# Iphone 3GS in boot loop



## techpet (Mar 14, 2011)

Iphone 3GS was connected to Itunes 10.6.3.25 and was syncing. Computer is Windows 7 Home Prem 64 bit. Iphone has not been updated to latest anything, wife doesn't like change (until it doesn't work anymore  Last I saw it was backing up purchased apps. When I came back to the computer, Iphone was showing the little apple for about 30 seconds at a time then blank screen and back to apple icon and no longer recognized by computer. I used iExplorer to see the backup and I see most things but cannot find voice memos. Anywhere I might find them? Or is there any other way I can mount Iphone when it is stuck in boot loop? I am mostly familiar with Android adb and root access methods not so much Iphone's. Is there anything here that I can do similarly? any suggestions appreciated. I talked to software support at apple for an hour and all they suggested was to take to AT&T; but I dislike them even more than Apple support.


----------



## Apple911ca (Oct 26, 2012)

You could try doing what is called a DFU Restore, it erases everything off the device (at this point already a reality) and installs factory software and firmware. 
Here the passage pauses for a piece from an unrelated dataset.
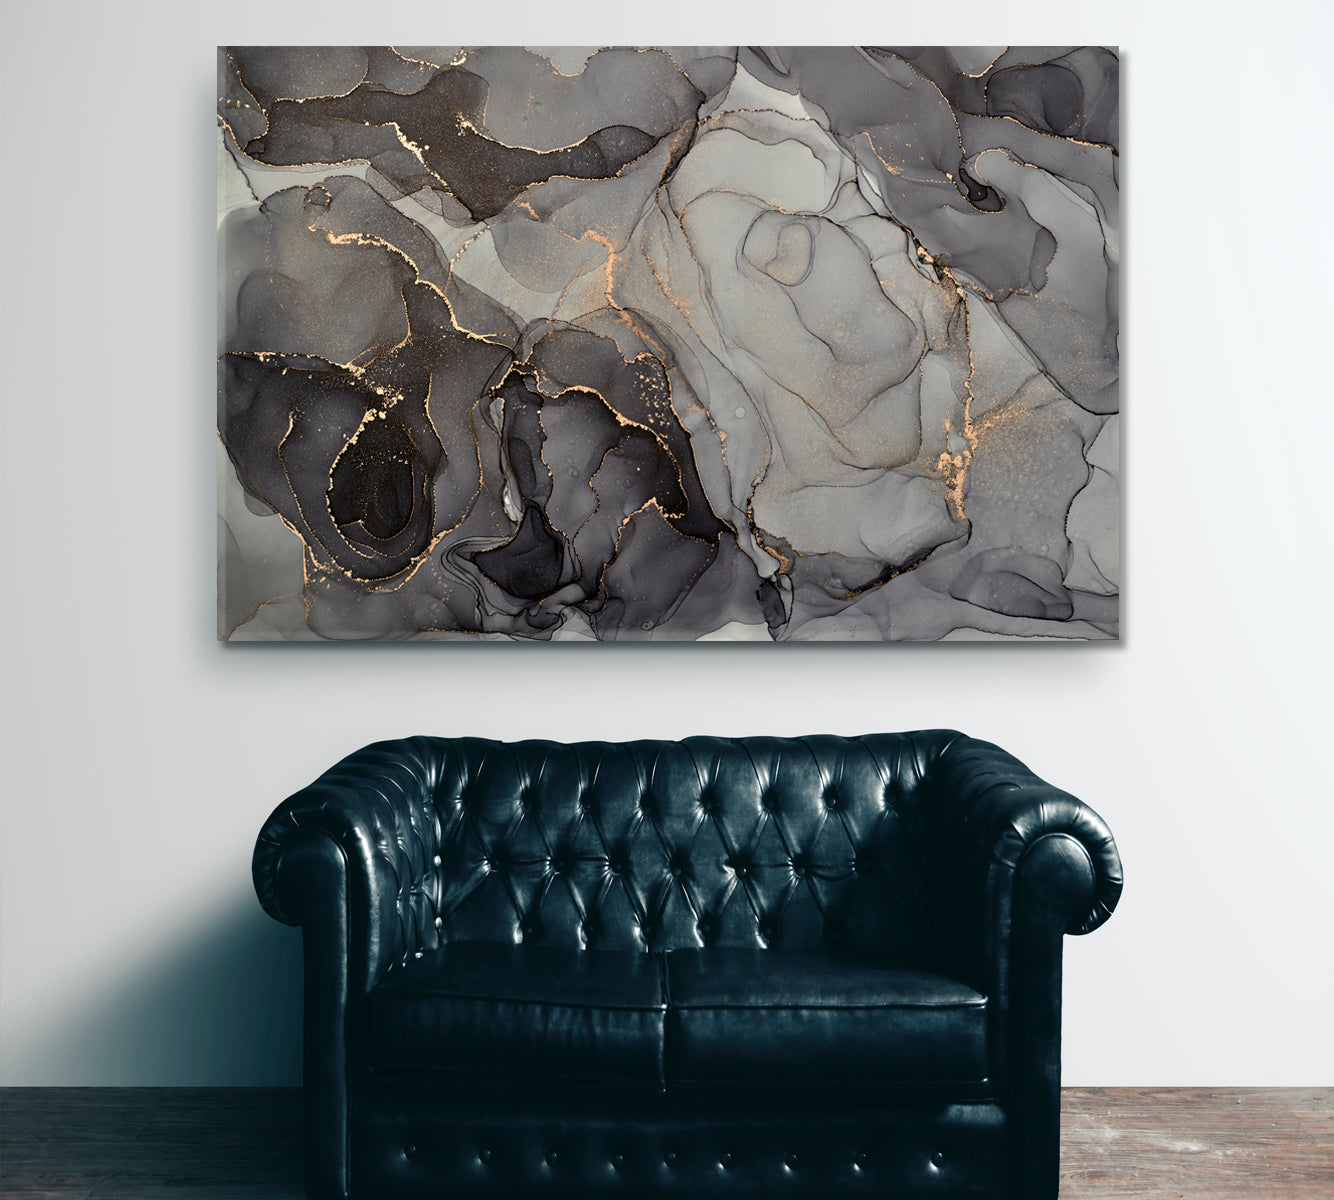 Black Gray Marble Alcohol Ink Stains Translucent Waves Fluid Art, Oriental Marbling Canvas Print Artesty 1 panel 24" x 16"

1. Connect your device to your computer and launch iTunes 
2. Hold both the Home and Sleep Button together until device powers off 
3. Continue to hold both buttons for about 8 seconds, then release just the sleep (top) button and continue holding the home button. 

iTunes should detect a device in recovery mode and offer to restore the device, click restore, sit back, wait, and cross your fingers.


----------